/---
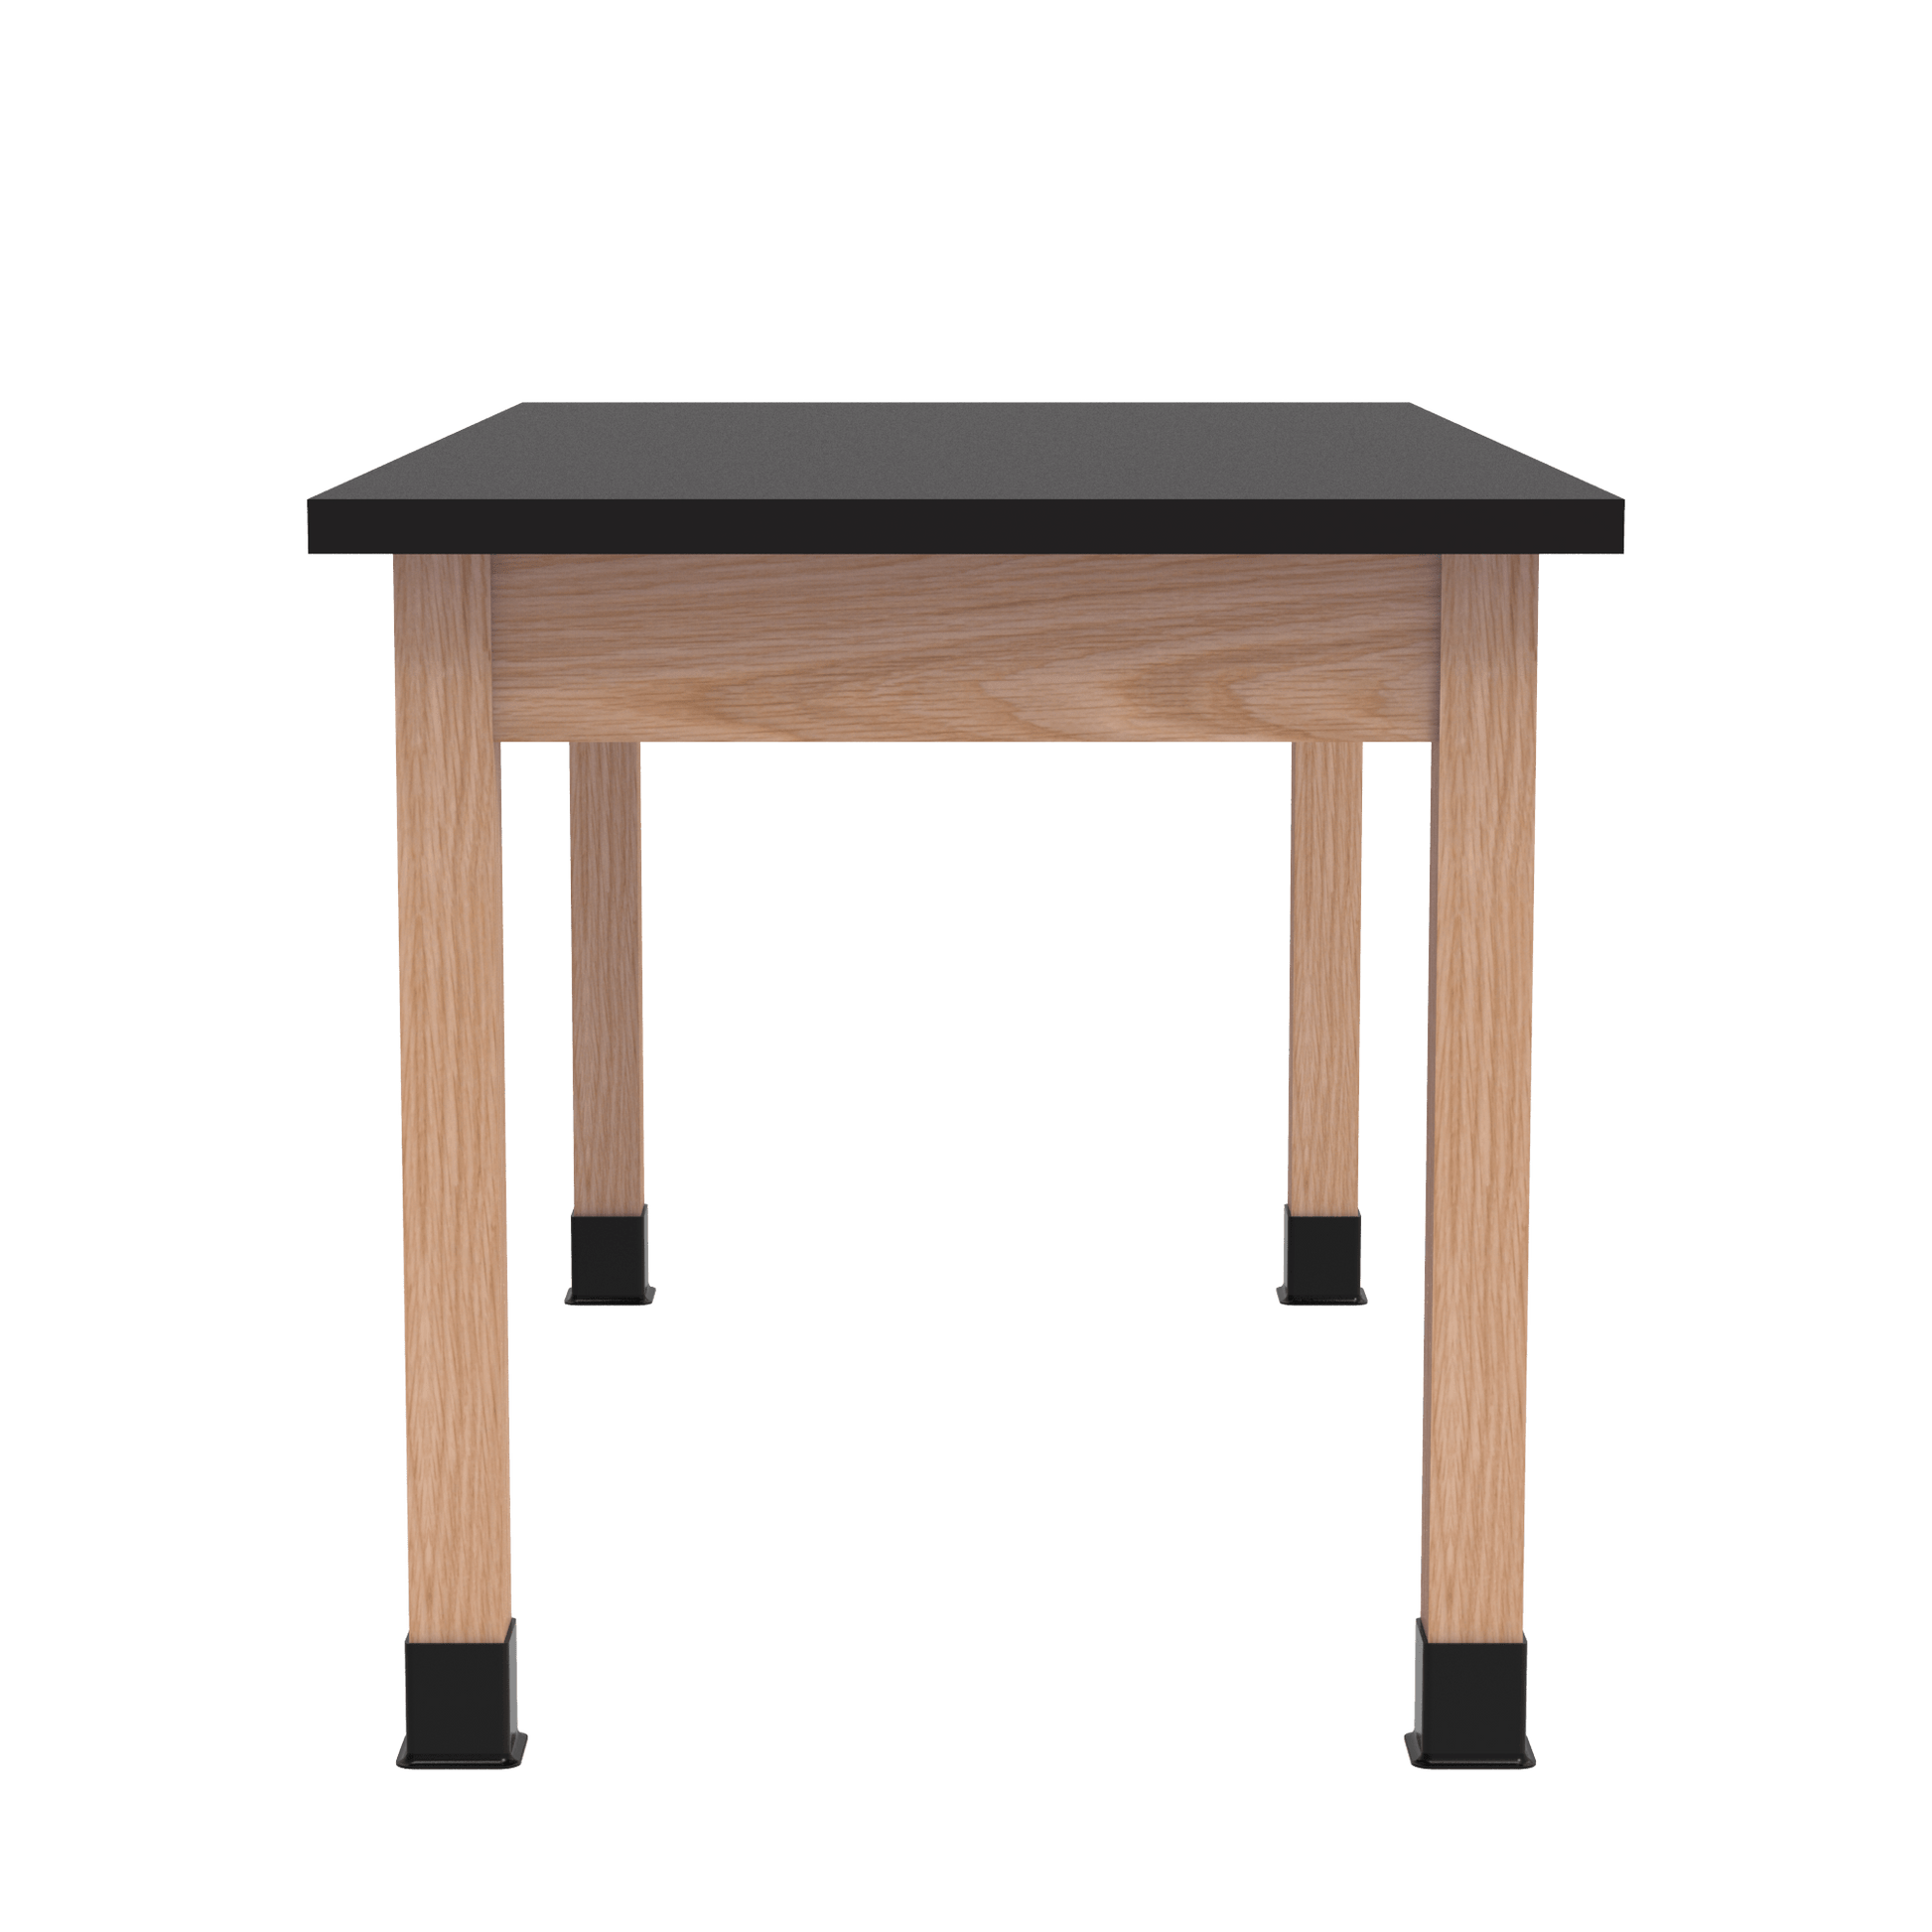 Diversified Woodcrafts Science Table w/ Book Compartment - 48" W x 21" D - Solid Oak Frame and Adjustable Glides - SchoolOutlet
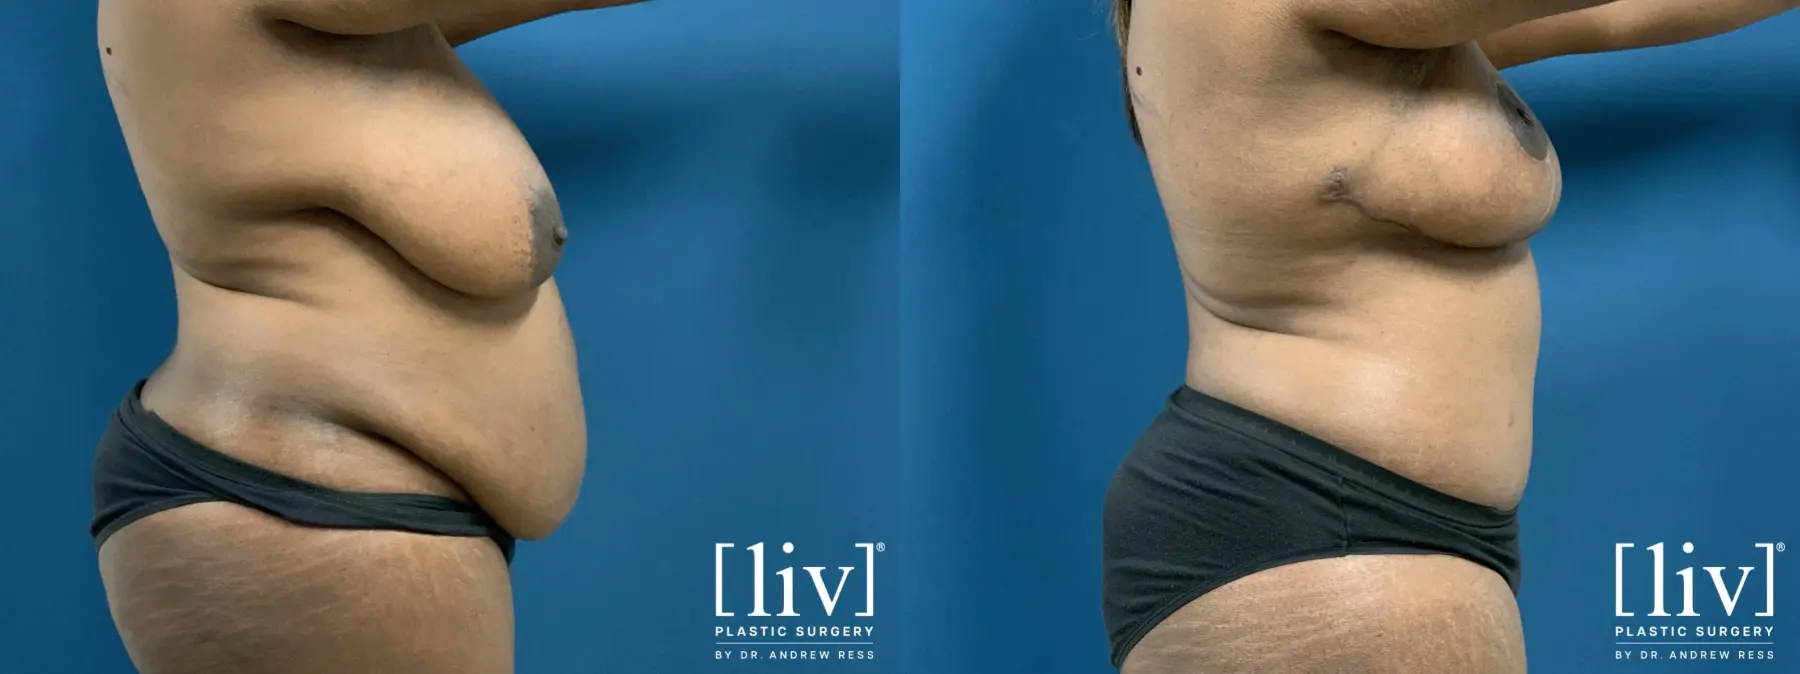 Lipoabdominoplasty - Before and After 5
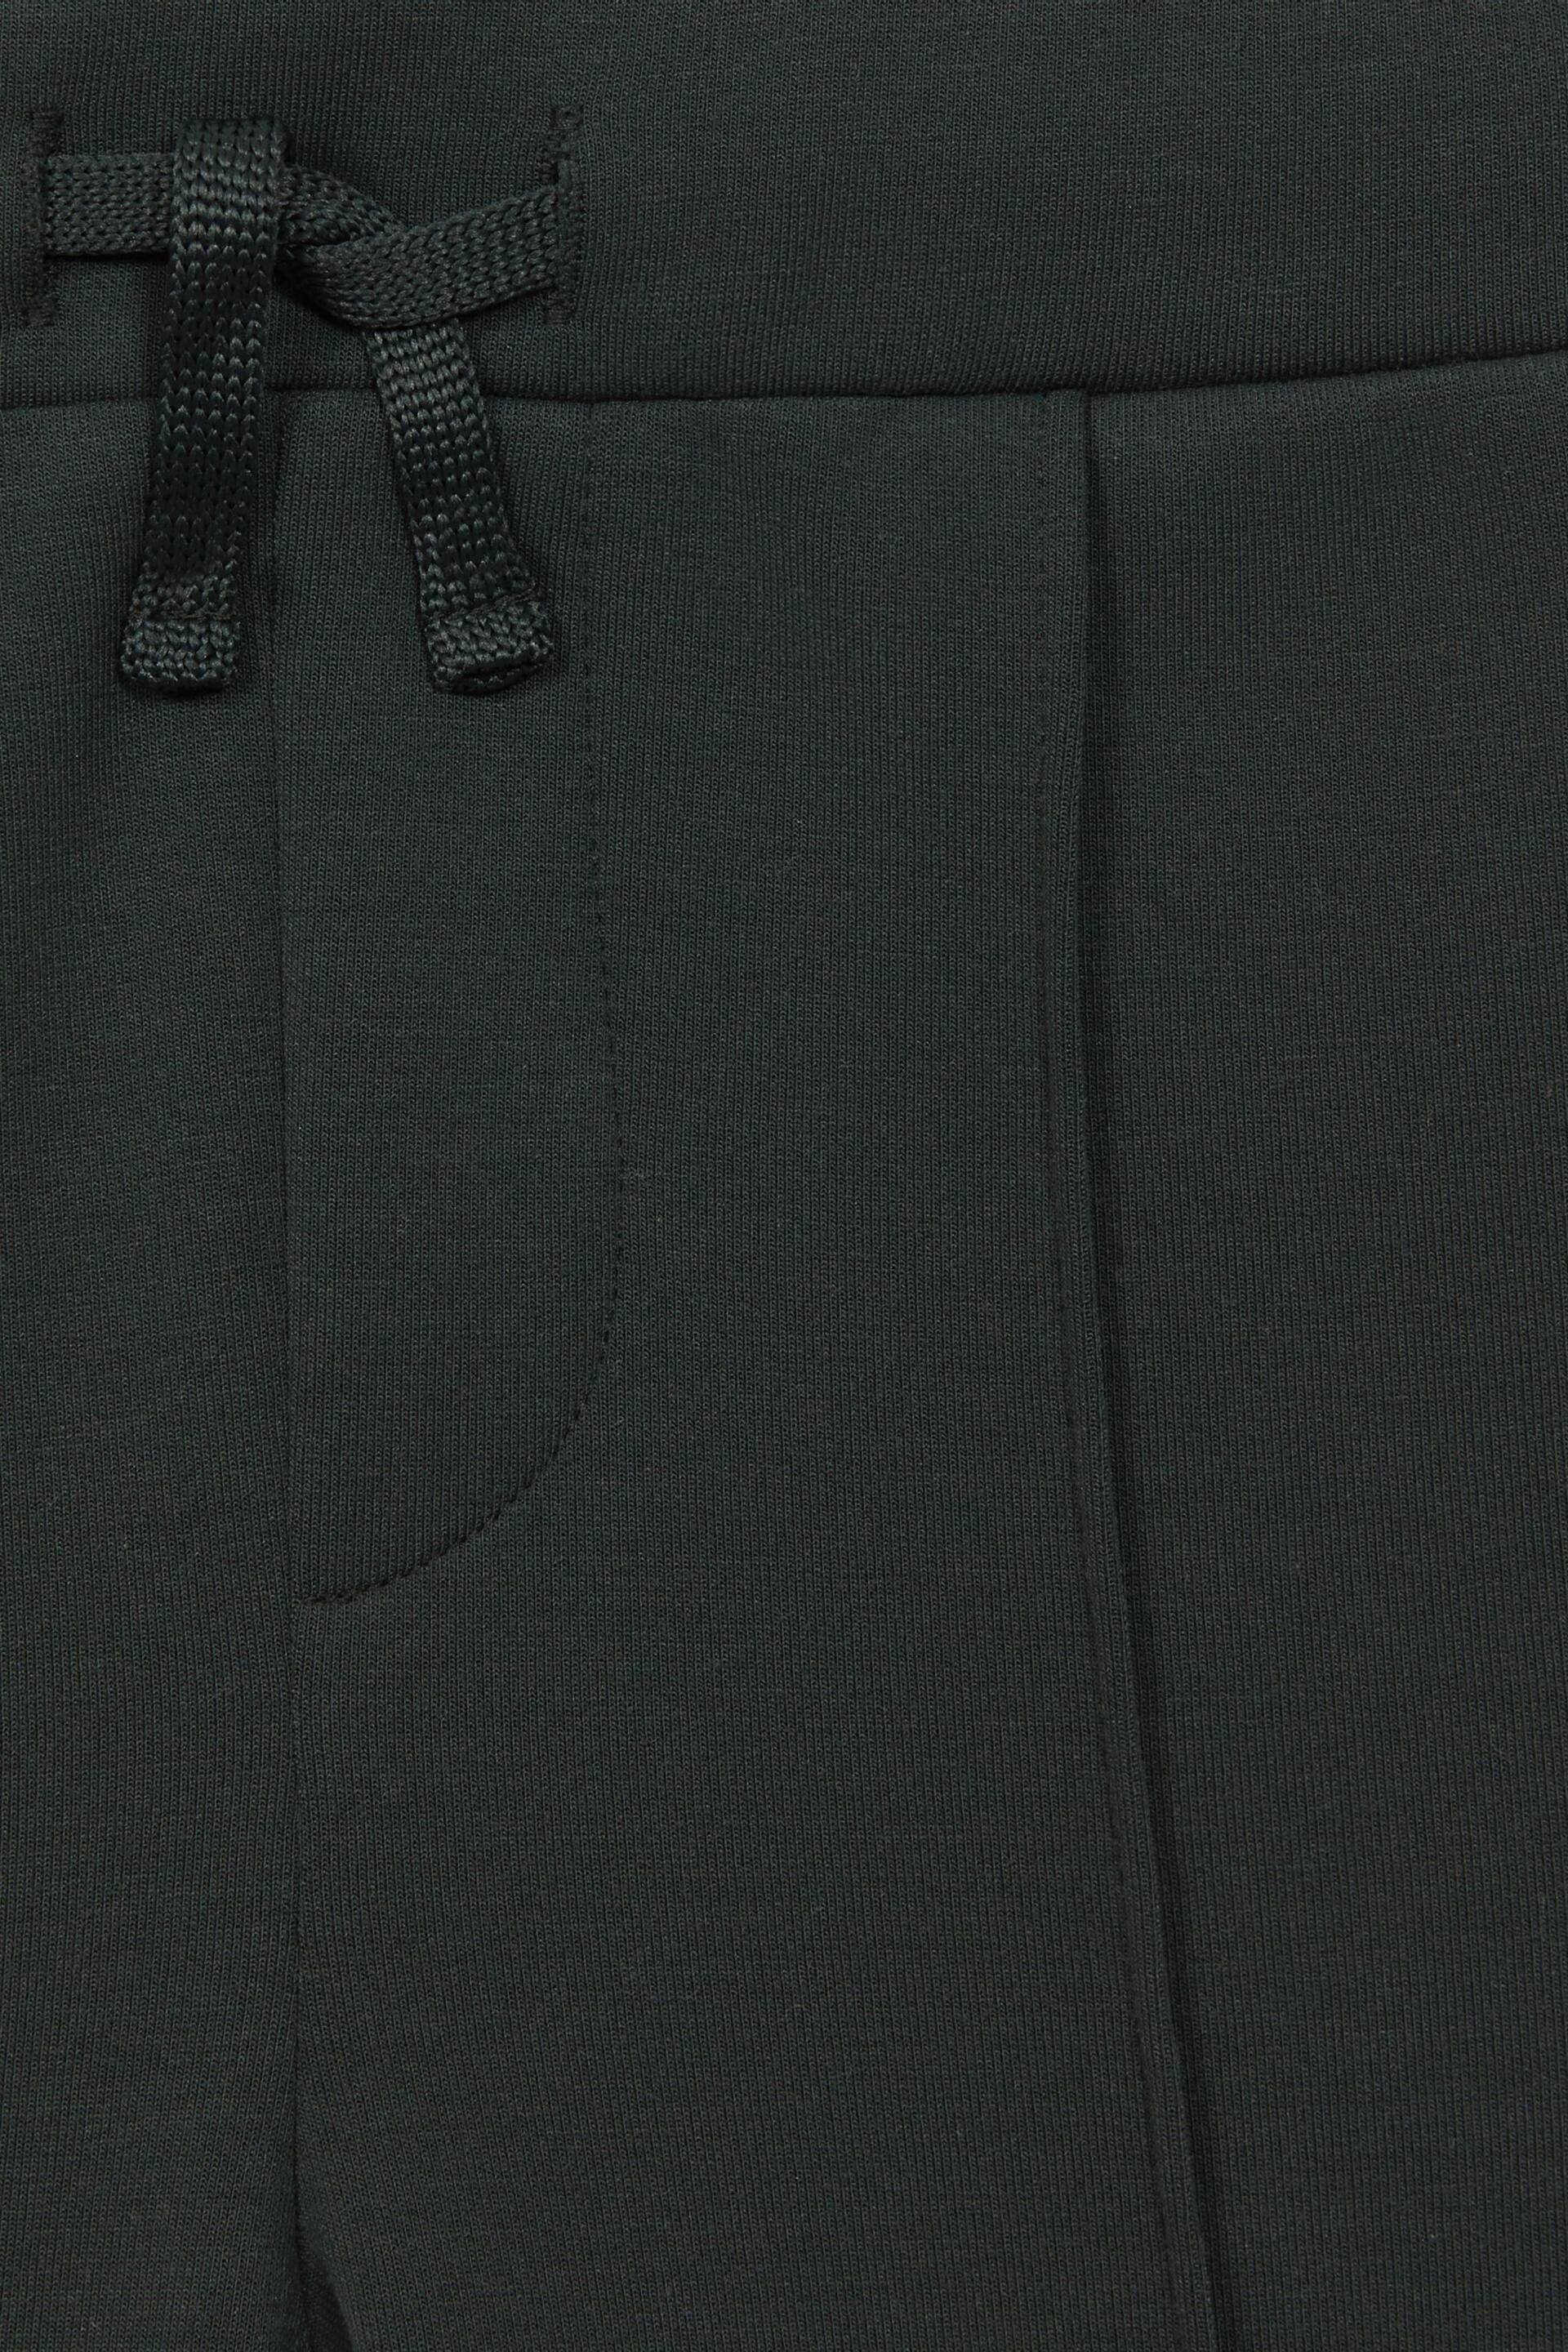 Reiss Forest Green Premier Senior Drawstring Jersey Joggers - Image 5 of 5
\---
• _Activity_
Every line above should be copied exactly; do not carry over the pictures.

• _Response area_
 Diversified Woodcrafts Science Table w/ Book Compartment - 48" W x 21" D - Solid Oak Frame and Adjustable Glides - SchoolOutlet
 Lipoabdominoplasty - Before and After 5
 Reiss Forest Green Premier Senior Drawstring Jersey Joggers - Image 5 of 5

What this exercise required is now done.